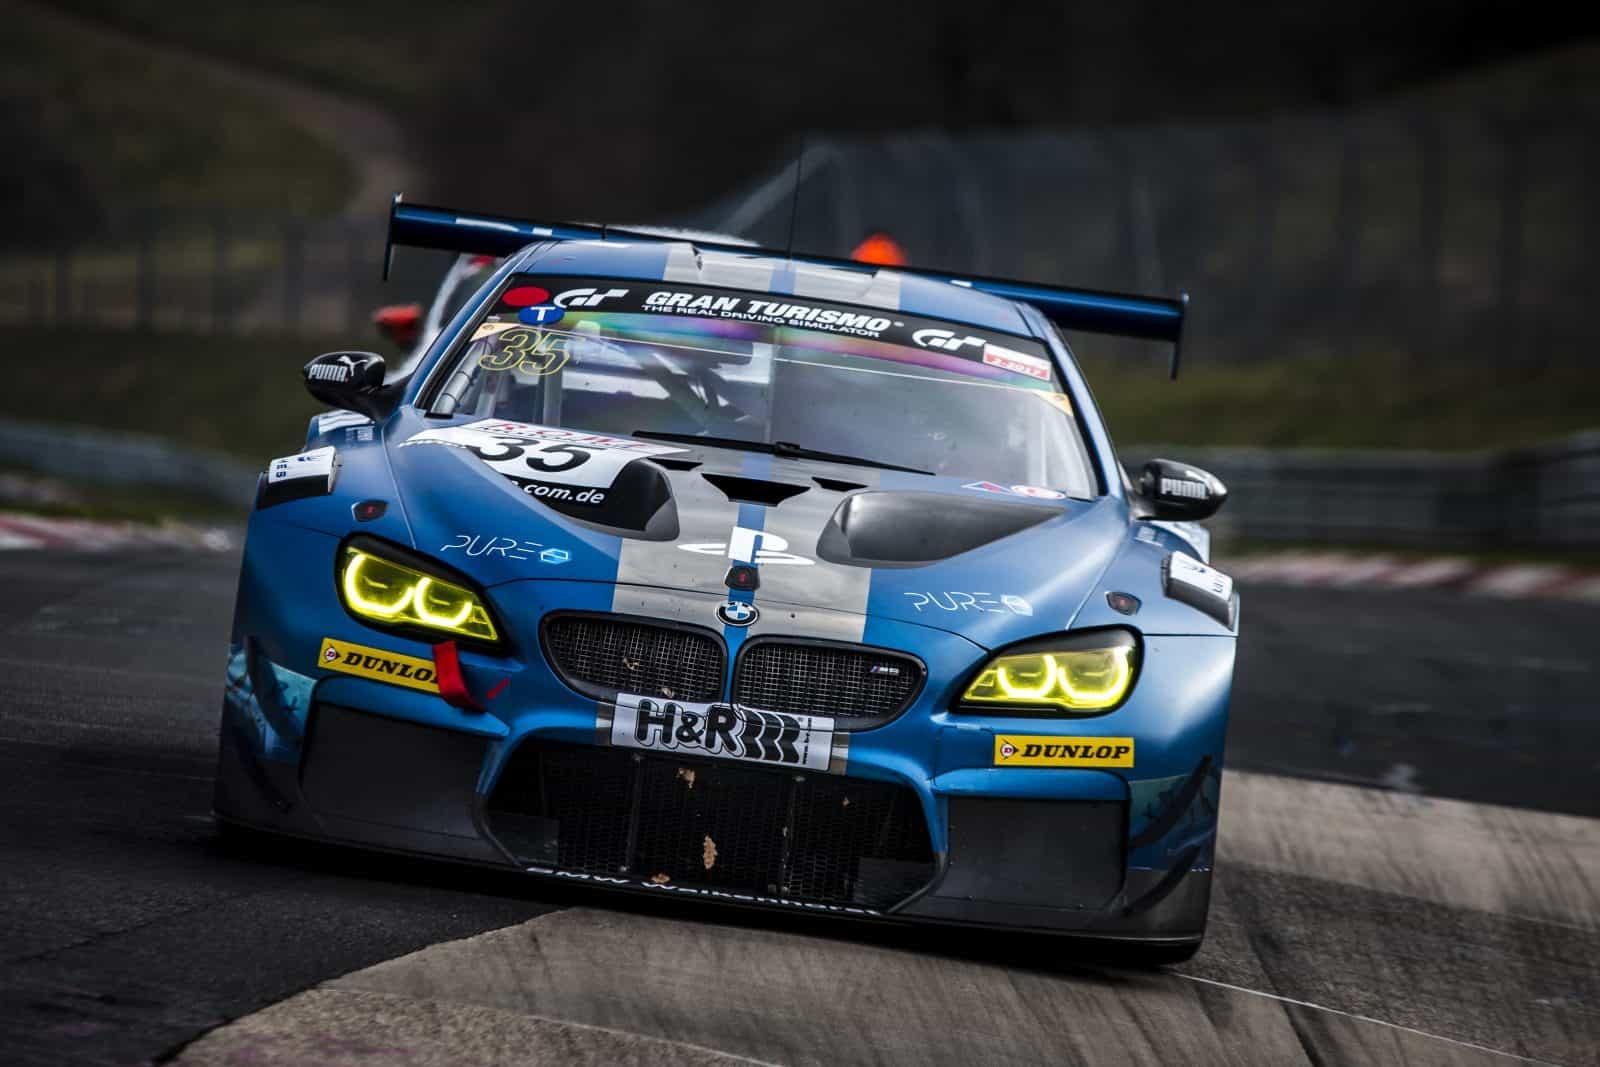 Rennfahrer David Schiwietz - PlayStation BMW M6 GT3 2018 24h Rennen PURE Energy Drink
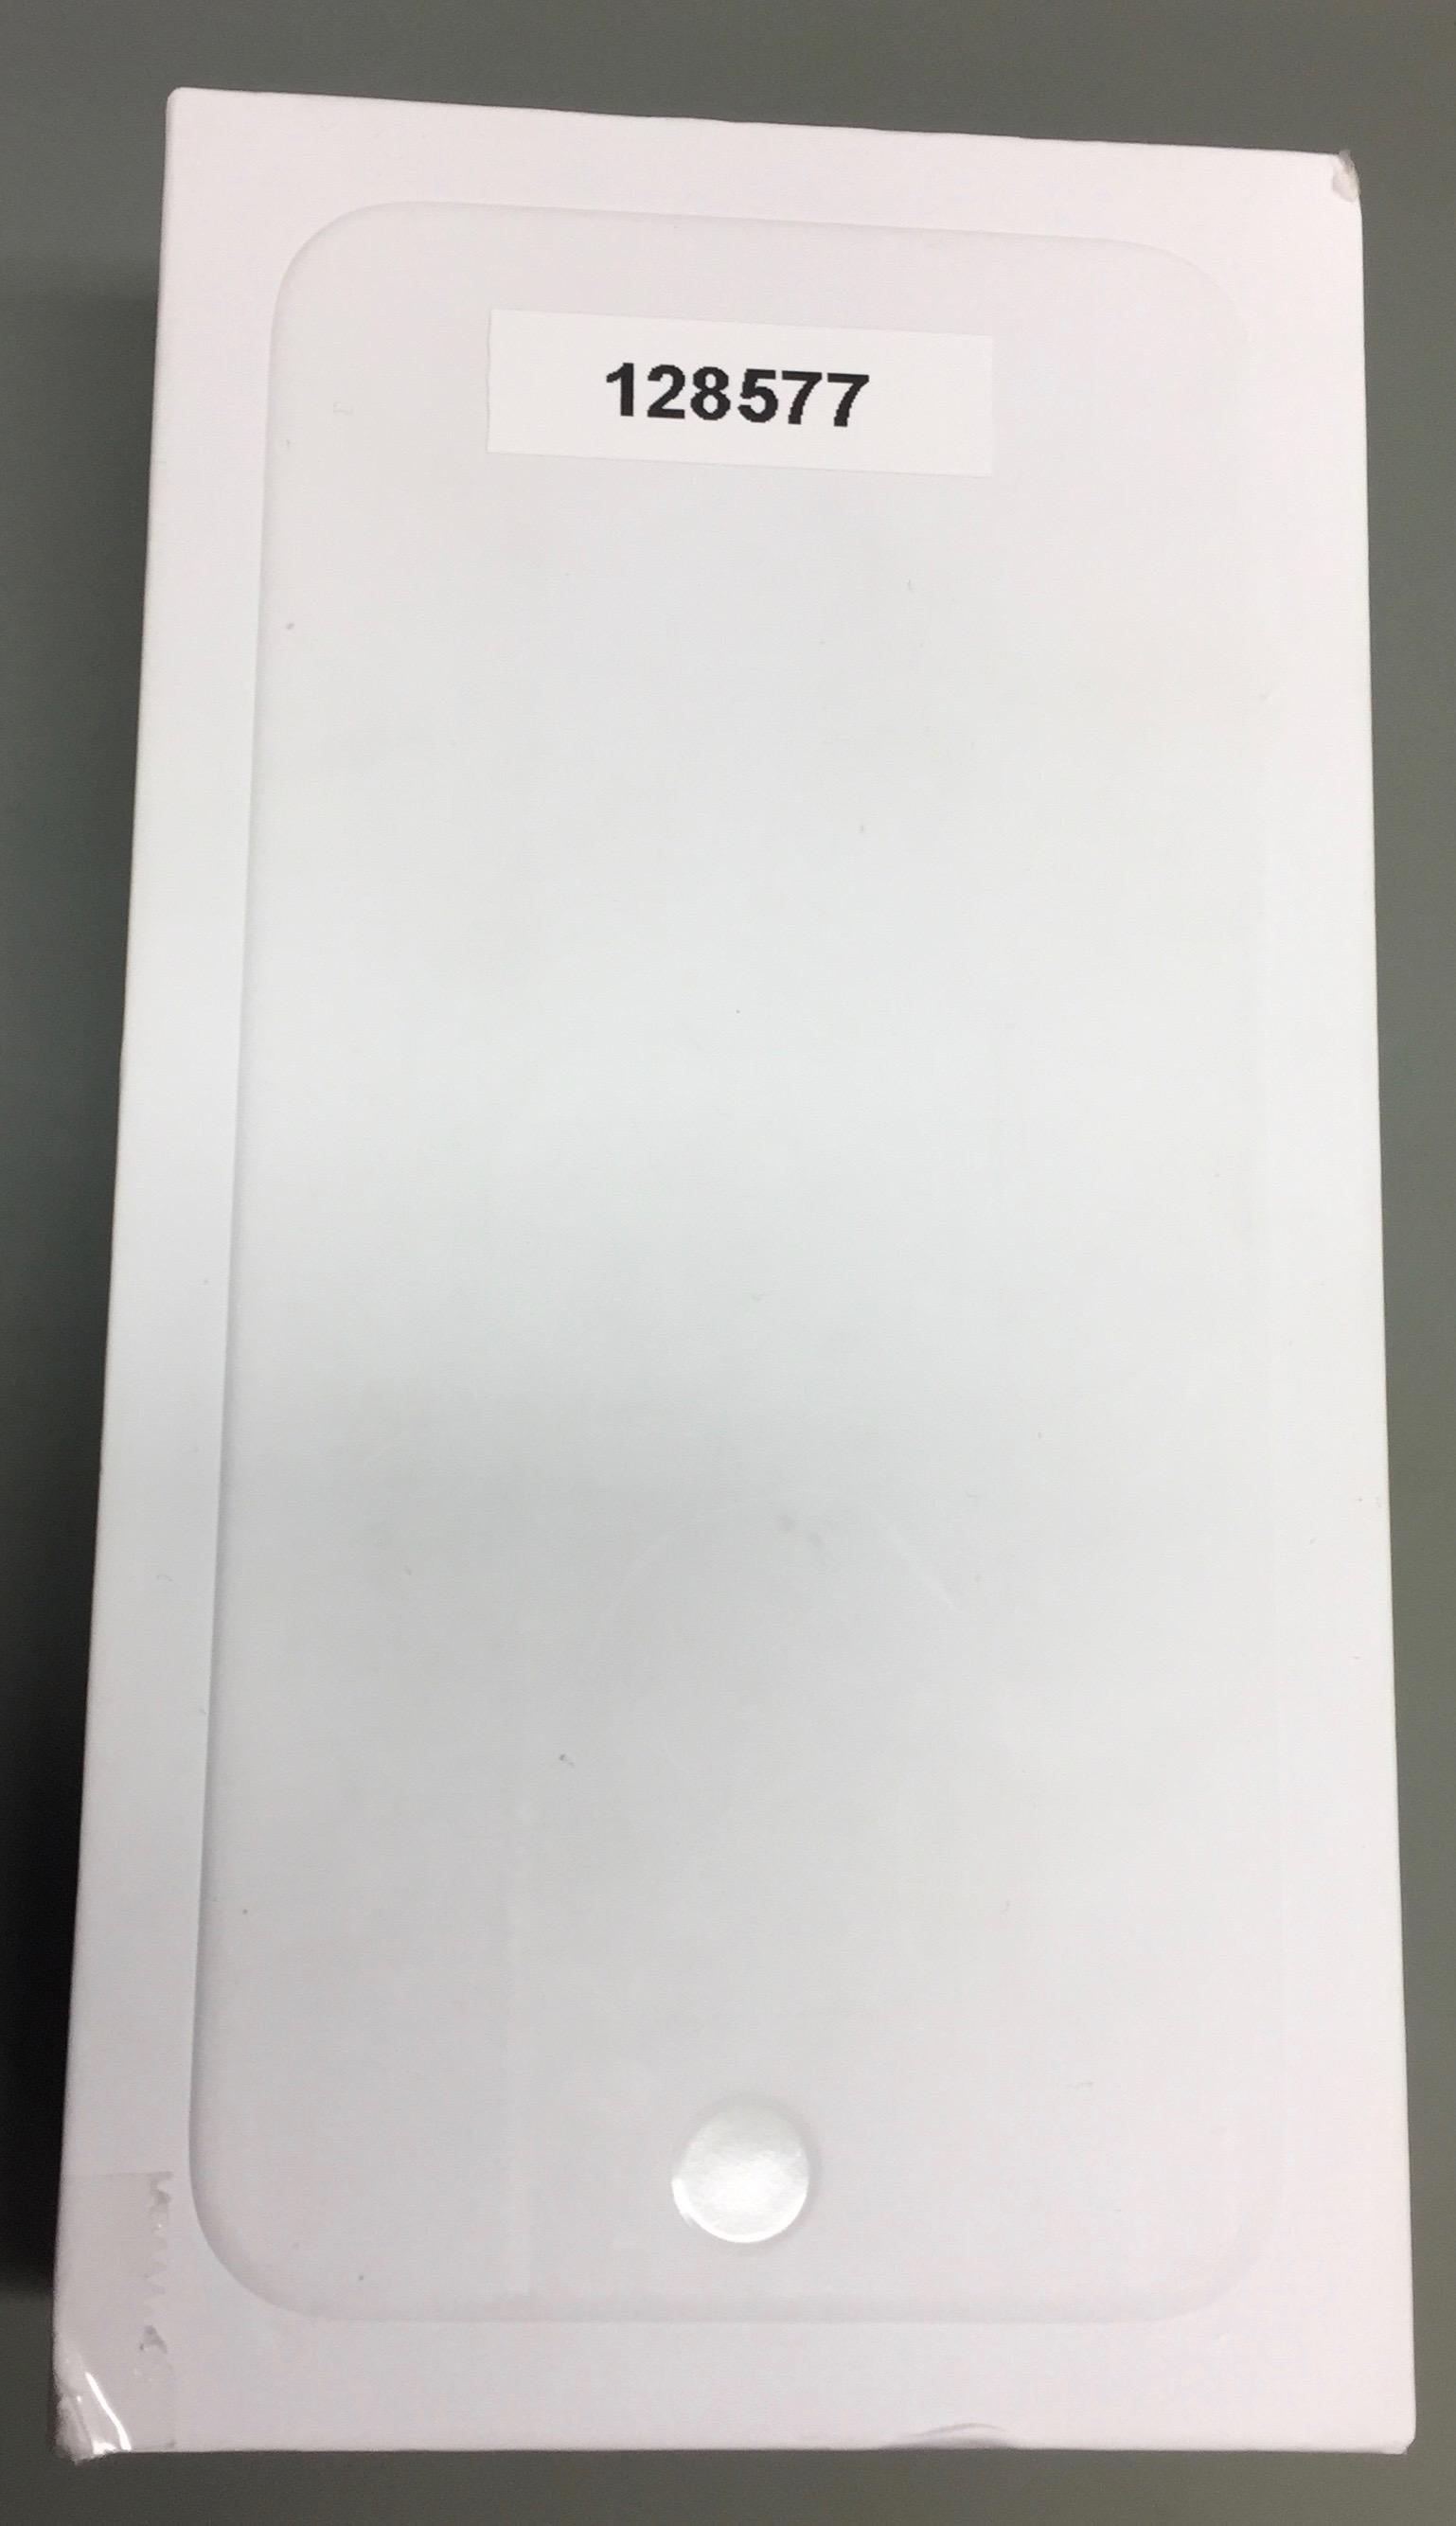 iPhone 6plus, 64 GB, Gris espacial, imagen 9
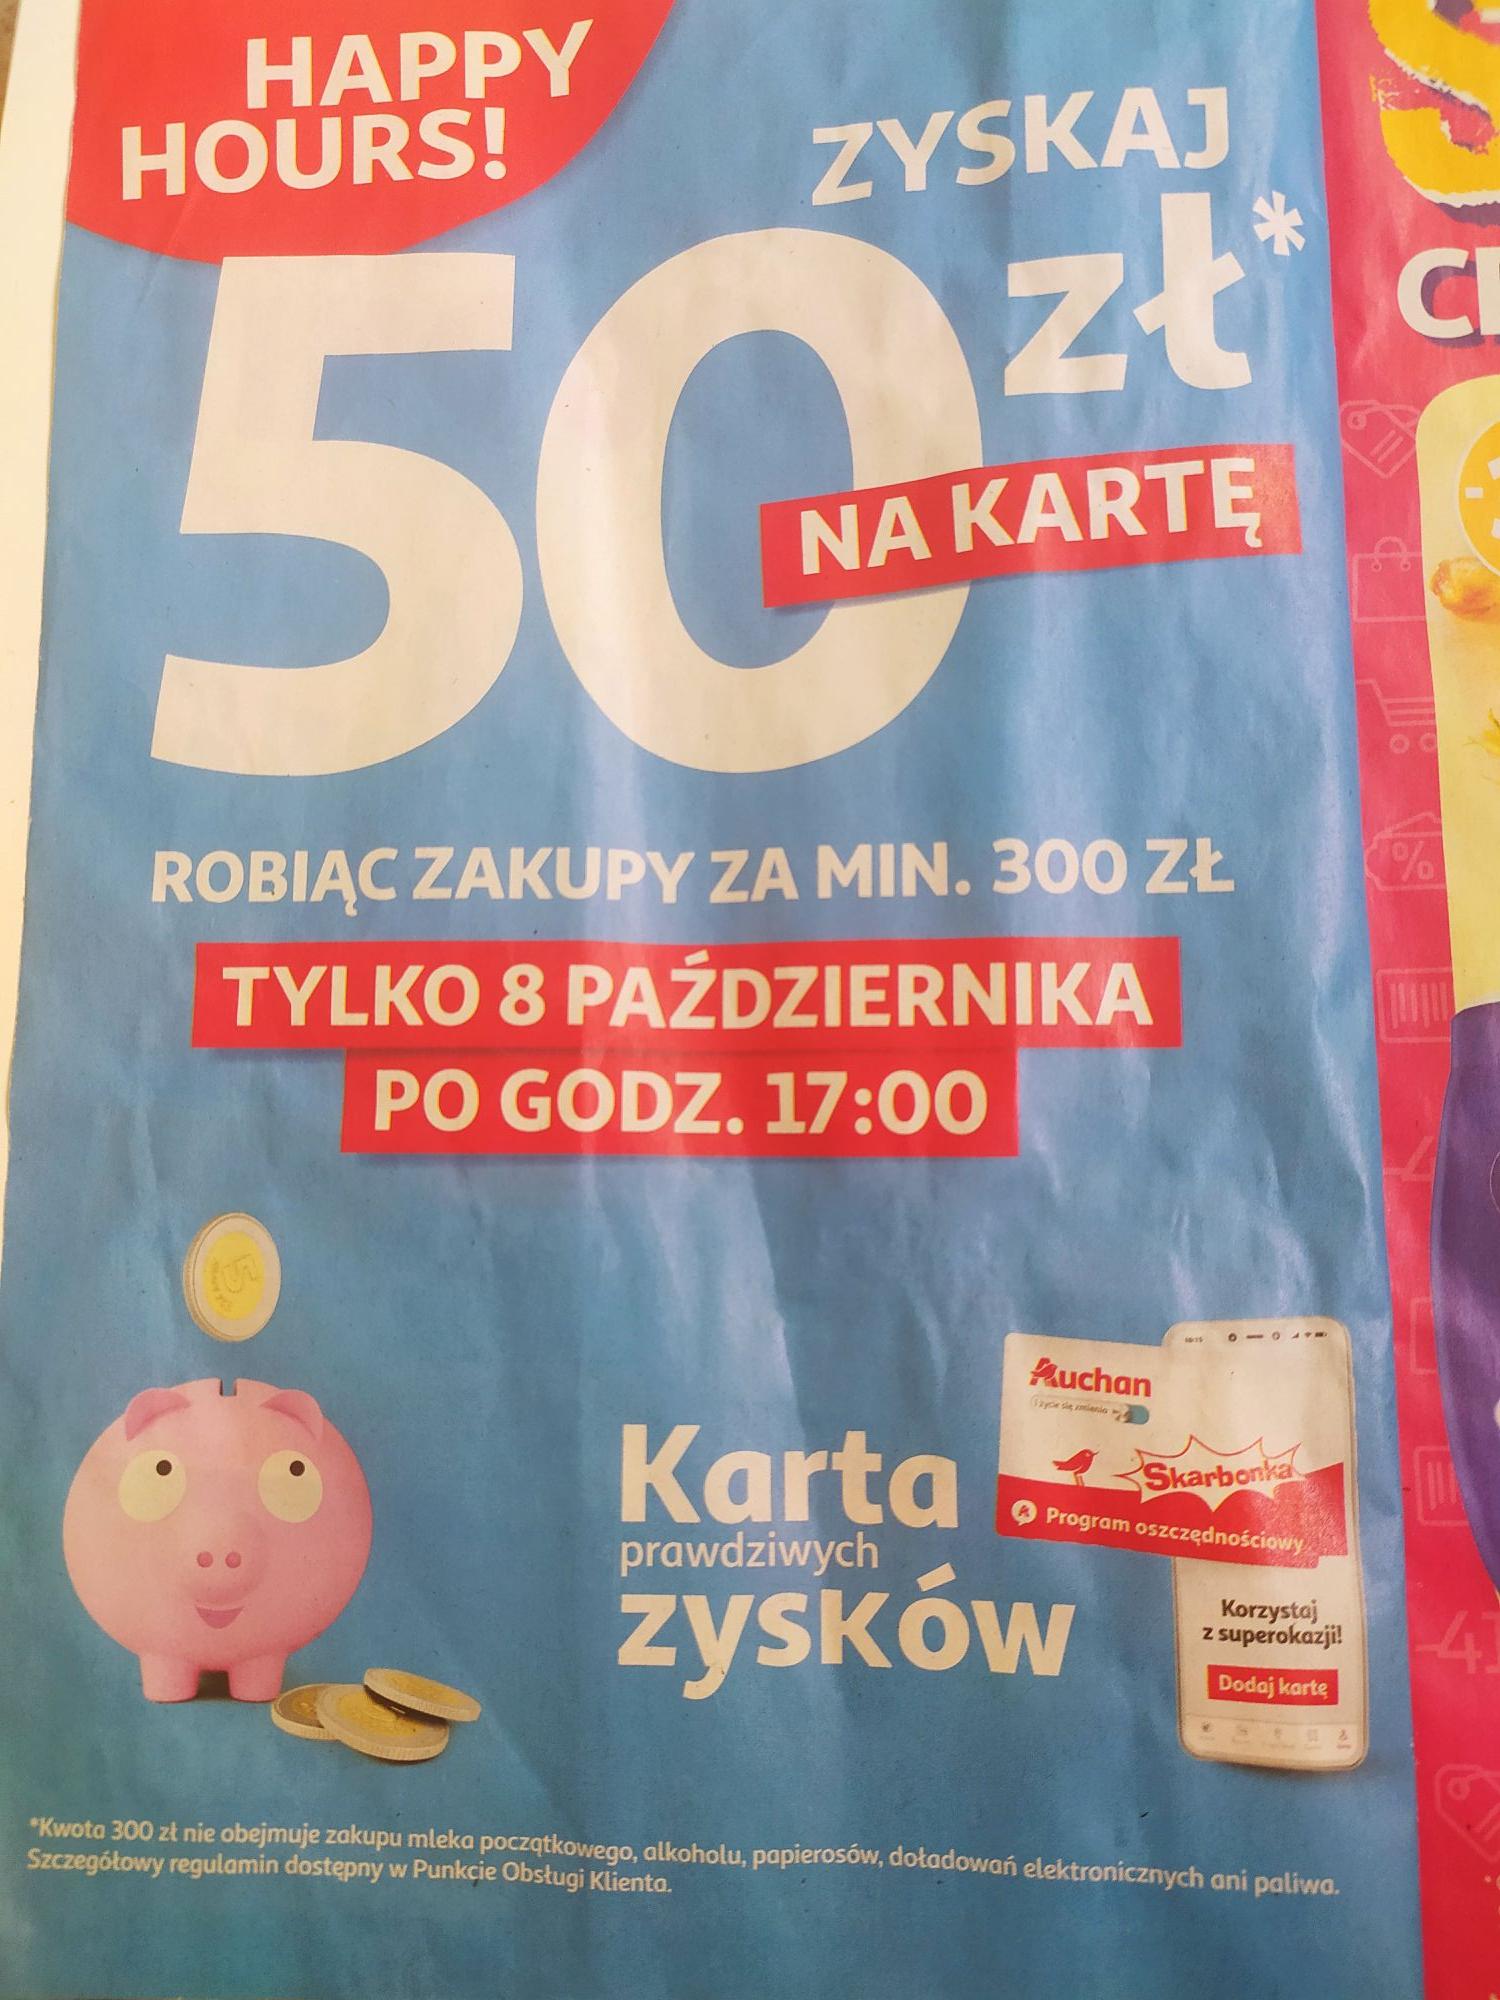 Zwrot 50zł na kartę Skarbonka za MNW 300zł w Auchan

++++++++++

**WORK REQUIRED**
Except for the pictures, write the data out exactly.

**COMPLETED EXERCISE**
 Rennfahrer David Schiwietz - PlayStation BMW M6 GT3 2018 24h Rennen PURE Energy Drink
 iPhone 6plus, 64 GB, Gris espacial, imagen 9
 Zwrot 50zł na kartę Skarbonka za MNW 300zł w Auchan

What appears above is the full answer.